What you are asked to do:
Give back the full listing as written. No pictures go with it.

BEGIN Given data

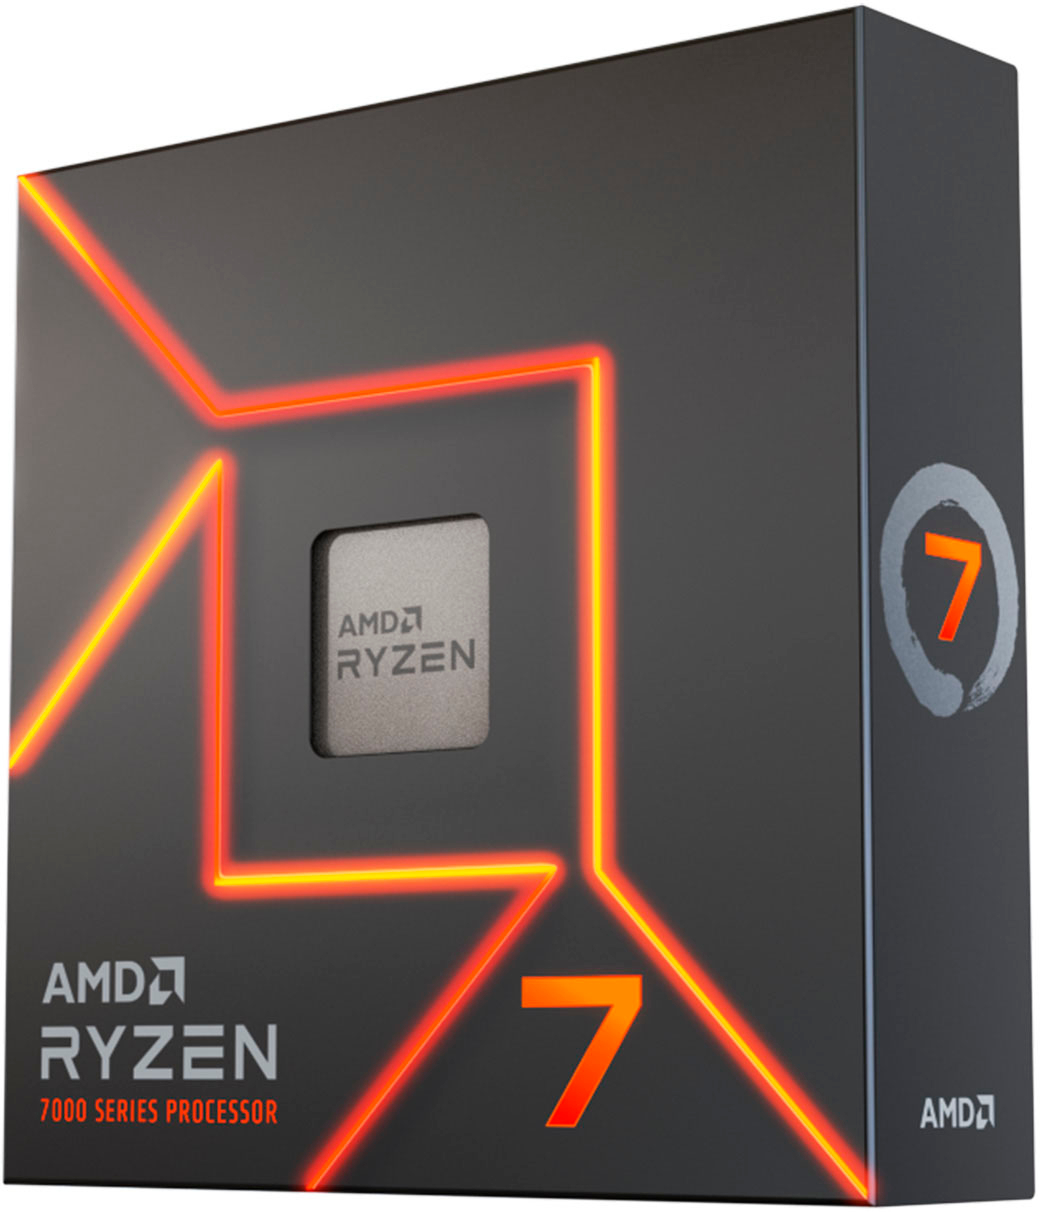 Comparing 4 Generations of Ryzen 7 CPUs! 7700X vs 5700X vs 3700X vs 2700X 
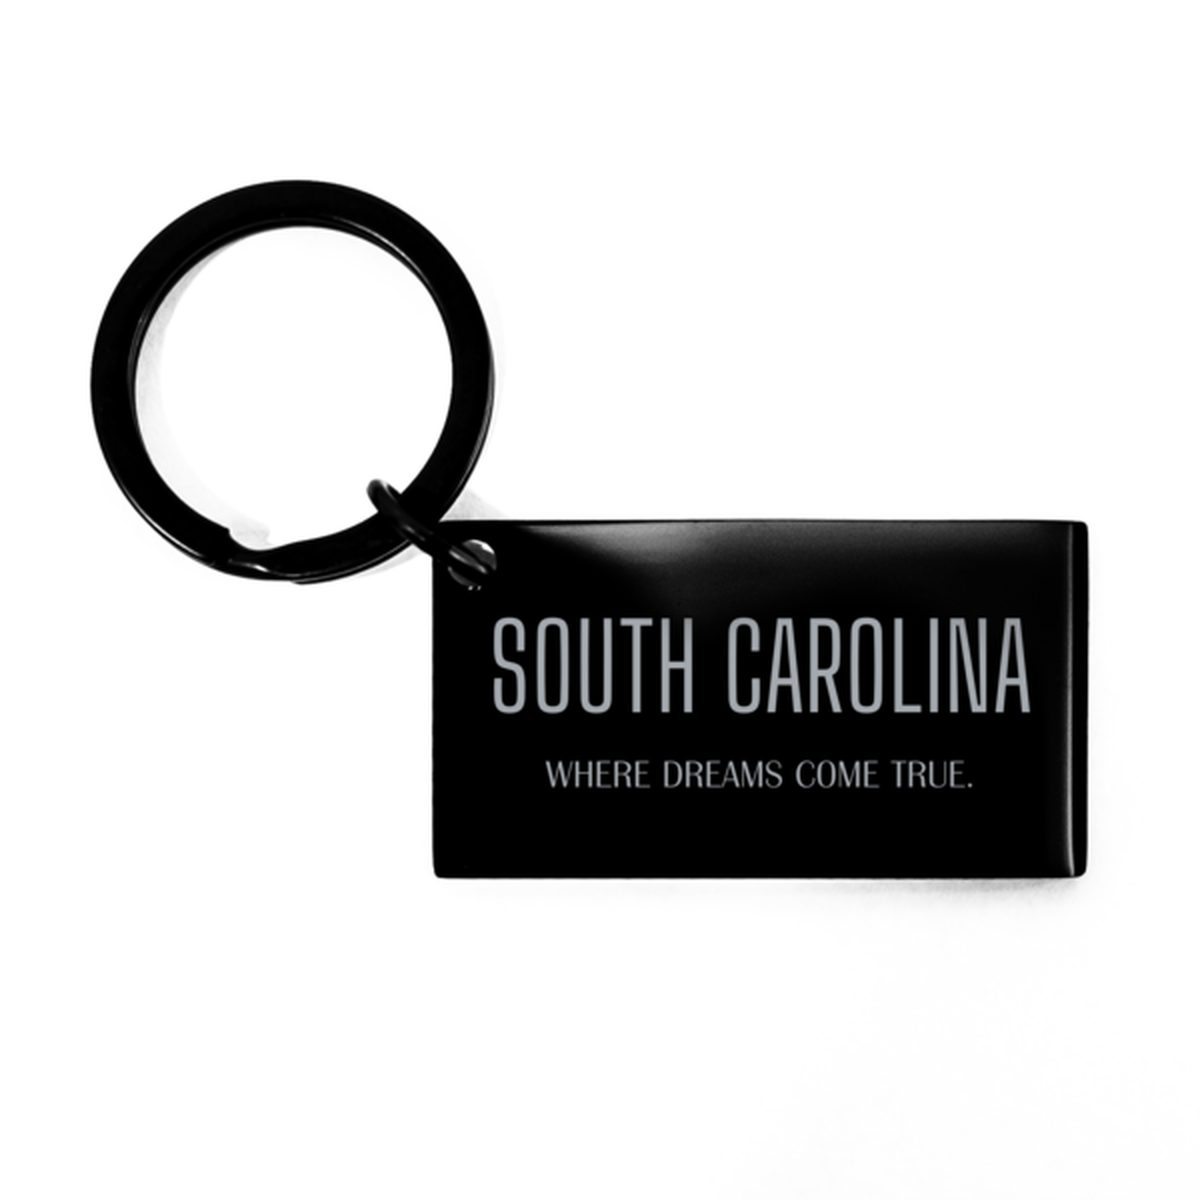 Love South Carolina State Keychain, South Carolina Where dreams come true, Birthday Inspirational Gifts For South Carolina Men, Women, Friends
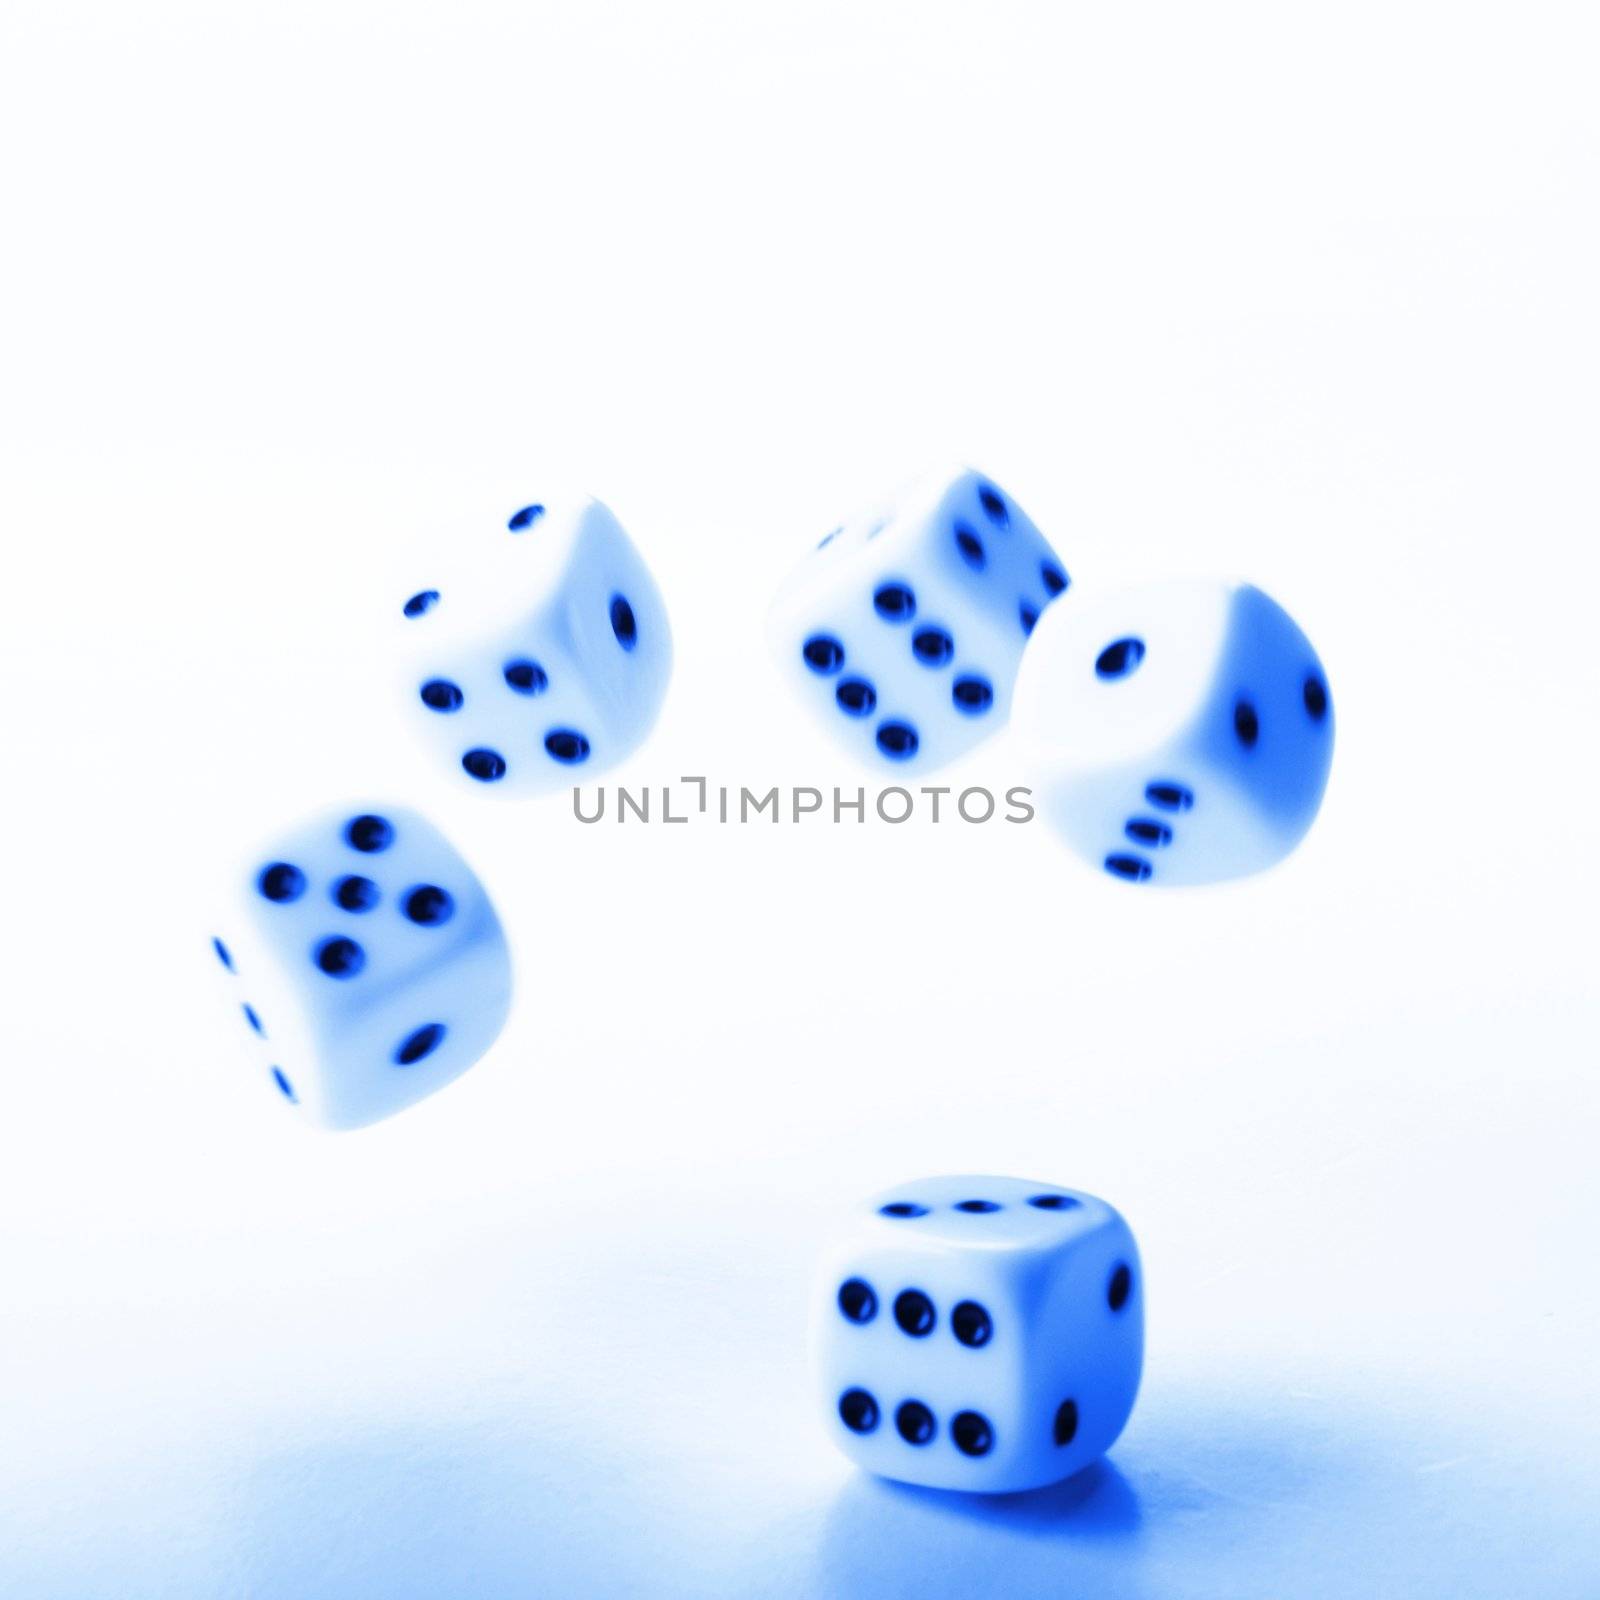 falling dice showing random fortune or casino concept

END Given data

Response to this task:
 Comparing 4 Generations of Ryzen 7 CPUs! 7700X vs 5700X vs 3700X vs 2700X 
 Love South Carolina State Keychain, South Carolina Where dreams come true, Birthday Inspirational Gifts For South Carolina Men, Women, Friends
 falling dice showing random fortune or casino concept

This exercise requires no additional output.